TASK —
Please repeat exactly the lines below from the line with "EgpytAir London to" to the line with "BOSCH Waschmaschine Serie", including both, and leave out every picture.

INPUT FOR THIS TASK —

------------

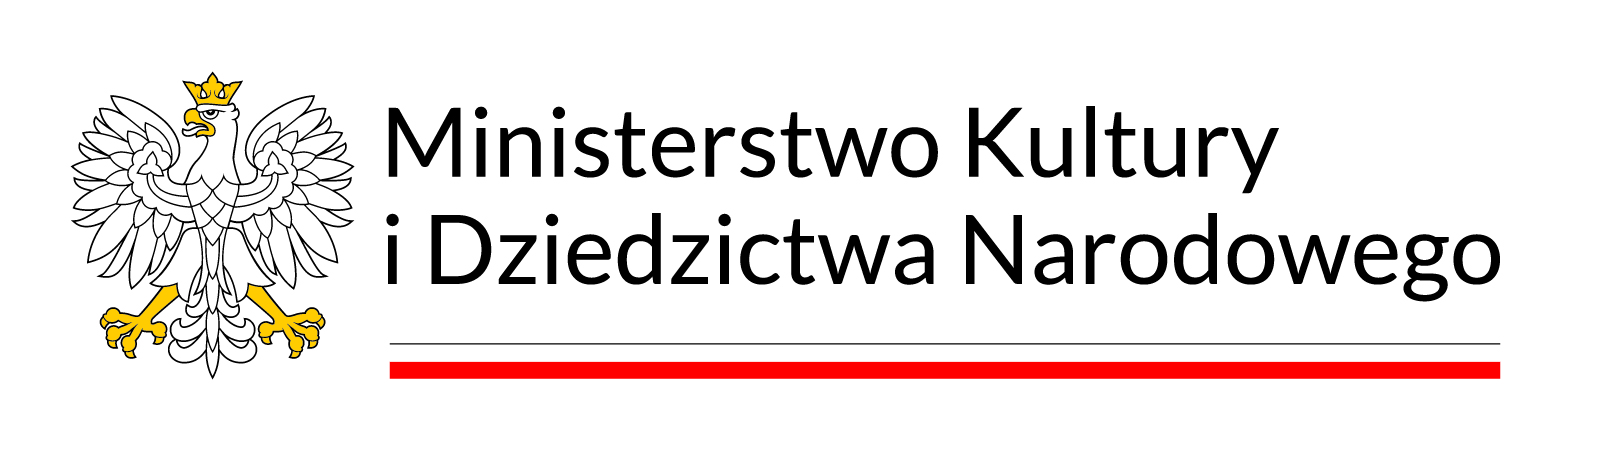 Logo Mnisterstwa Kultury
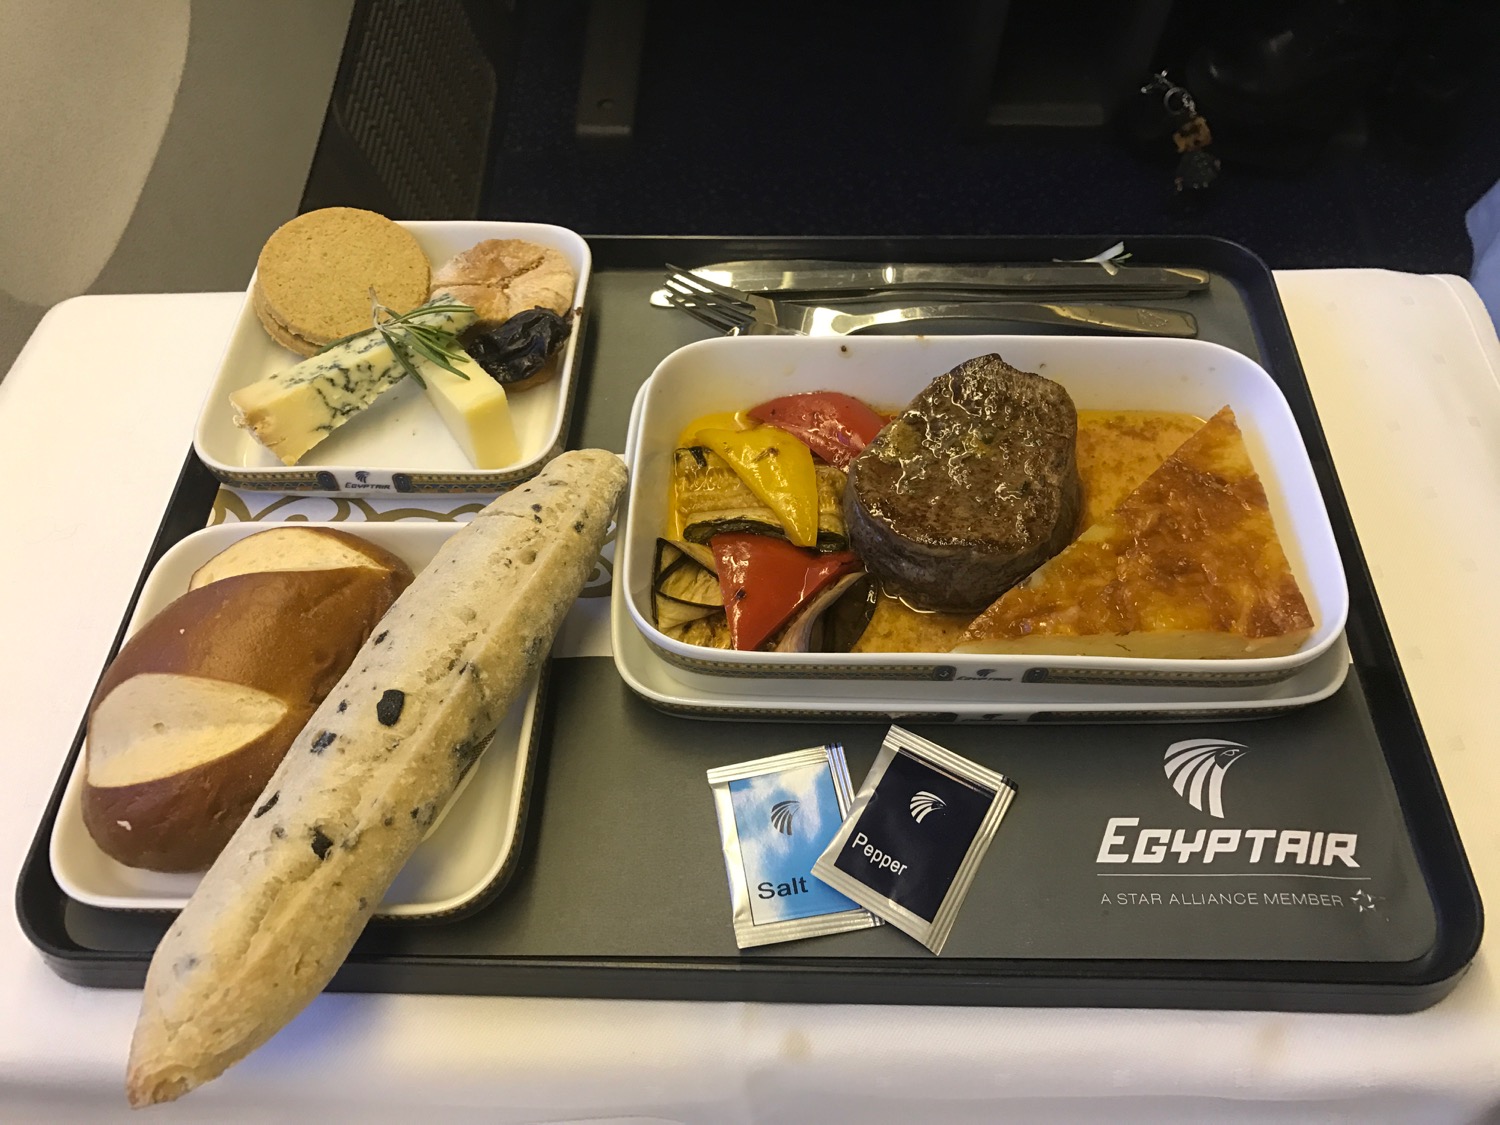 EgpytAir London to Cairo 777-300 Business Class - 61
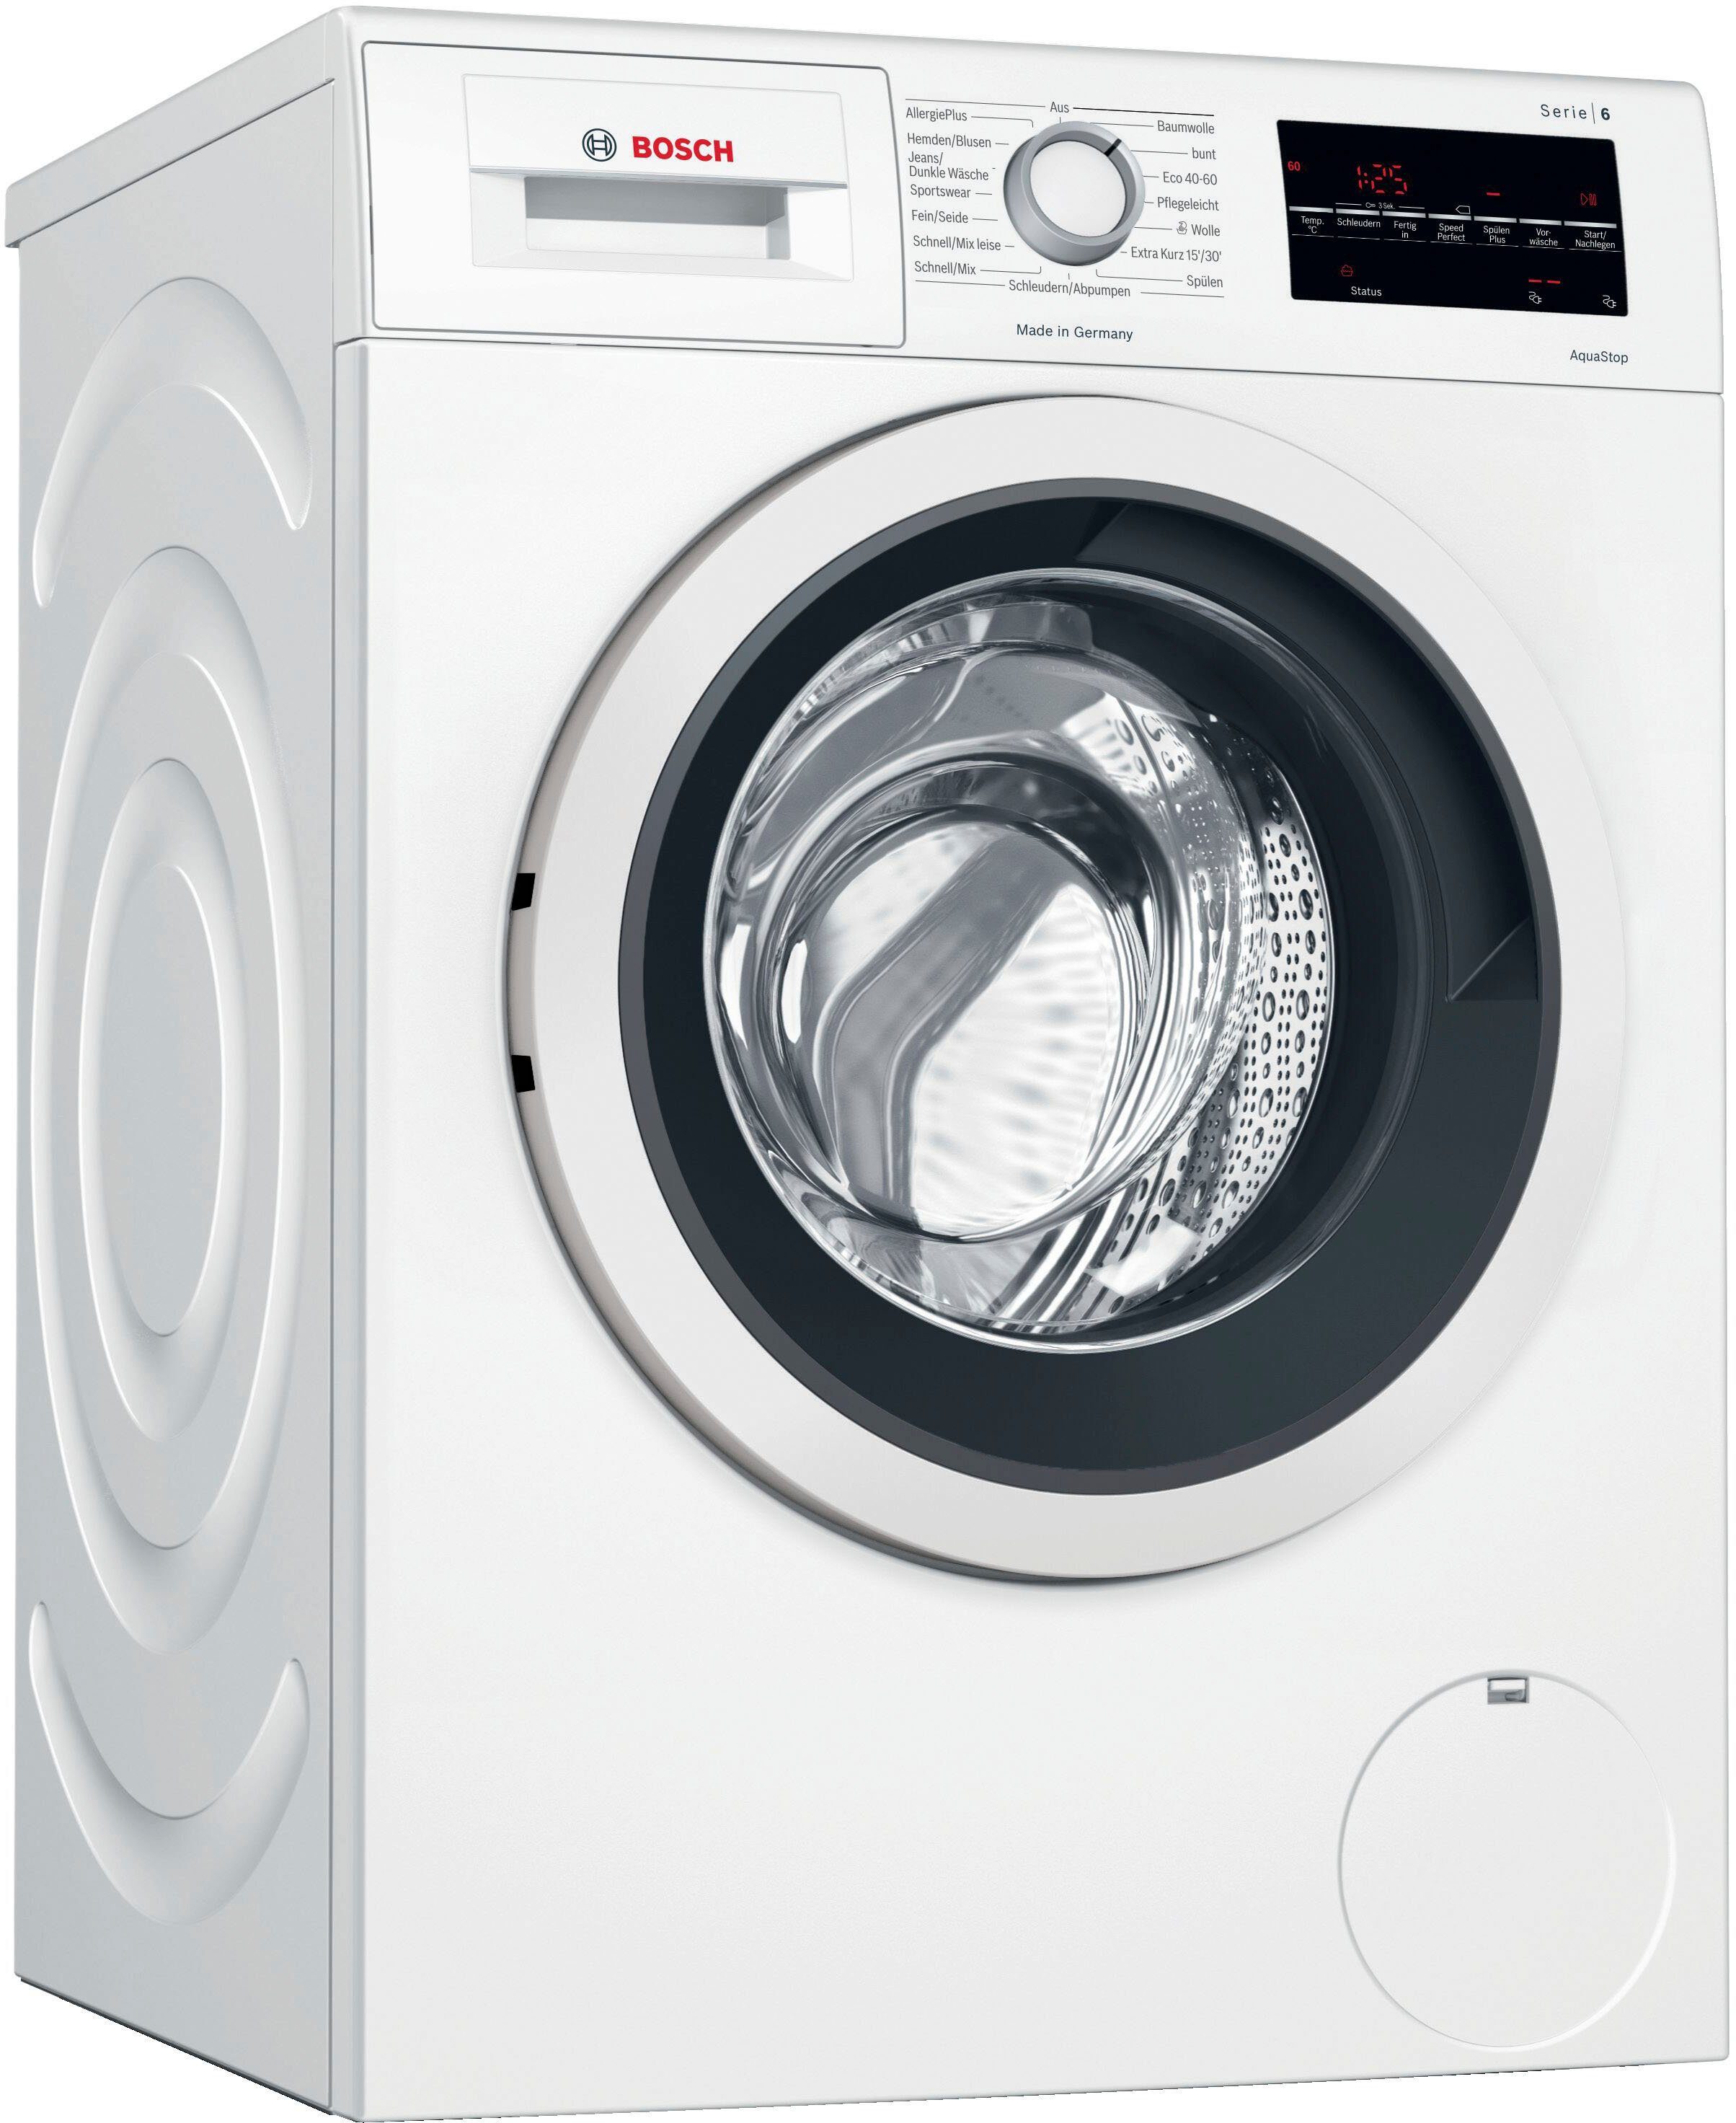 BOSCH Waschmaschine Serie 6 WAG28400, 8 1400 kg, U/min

------------

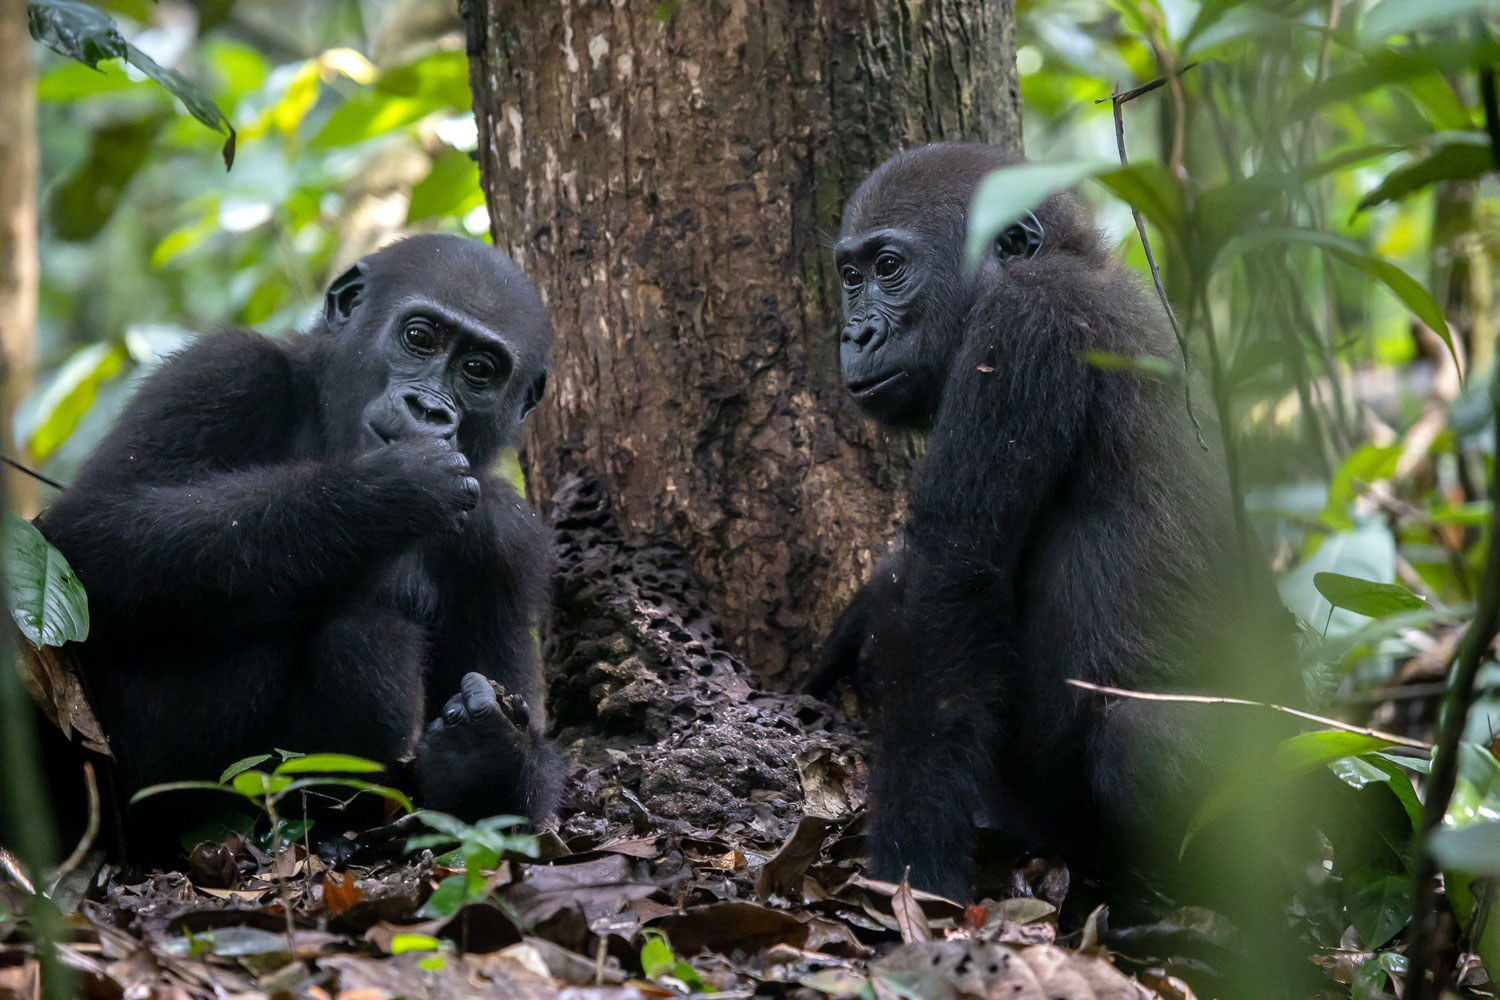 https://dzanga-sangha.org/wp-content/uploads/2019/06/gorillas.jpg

------------

FINAL ANSWER —
 EgpytAir London to Cairo 777-300 Business Class - 61
 BOSCH Waschmaschine Serie 6 WAG28400, 8 1400 kg, U/min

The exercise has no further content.